DFT Accuracy on Bulk Transition Metals Properties

Abstract

Density Functional Theory would be exact in estimating a polyelectronic chemical system energy, when the exchange-correlation (xc) functional would be known. Unfortunately, it is not, and has to be approximated, with dozens of xc functionals developed in the last decades, belonging to different rungs of Jacob’s ladder of xc improvement. In the case of Transition Metals (TMs), mostly describing few late TMs and their structural properties. Recent studies expanded the analysis covering different bulk properties and surface features. Here we carry out such performance evaluation on so far ignored xc functionals, either within the most basic local density approximations, including the, Hendin-Lundqvist (HL) and Perdew-Zunger (PZ) xc functionals, or within the Generalized Gradient Approximation (GGA), exploring the revised Perdew-Burke-Ernzerhof (revPBE) and the Armiento-Mattson (AM05) xc functionals.
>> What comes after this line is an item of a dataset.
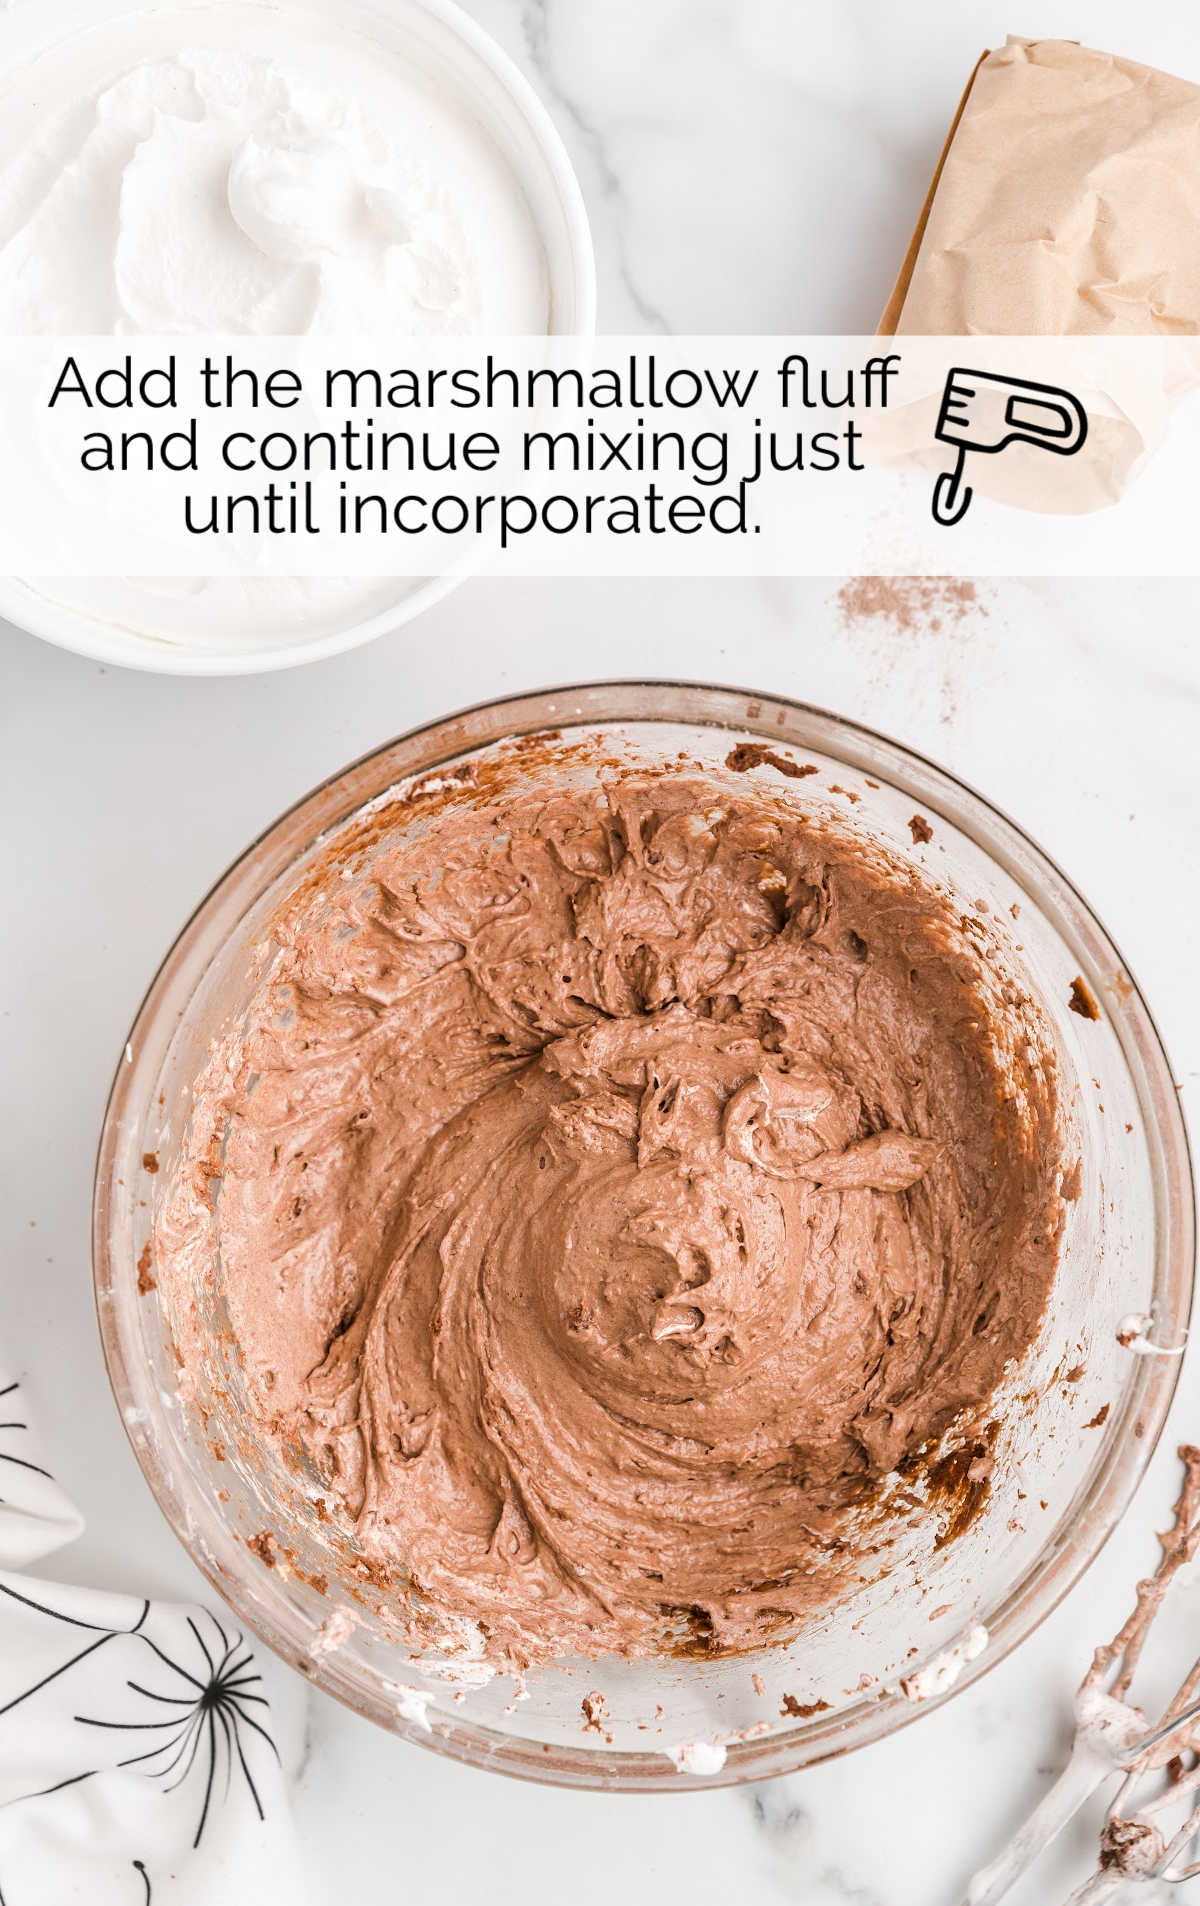 marshmallow fluff added to the cream cheese mixture in a bowl

Aside from these, the recent meta-GGA Strongly Constrained Appropriately Normed (SCAN) functional is analysed, characterized by fulfilling all 17 mathematical conditions an xc must comply, plus the Bayesian Error Estimation Functional (BEEF) is explored, a functional where artificial intelligence, in the form of a machine learning algorithm, was used to adjust the mathematical expression to a large and diverse set of experimental results. The present results, acquired for 27 TM bulks in their crystallographic structures —body-centred cubic, face-centred cubic, and hexagonal close-packed—, reveal that none of the explored functionals is best in describing TM bulks, were Viñes-Vega (VV) excels, and highlighting that, while SCAN performance is acceptable, BEEF is not. When accounting for TM surface properties, acquired on 81 low-index Miller surfaces, the same situation applies, not improving the VV xc adapted for solids (VVsol).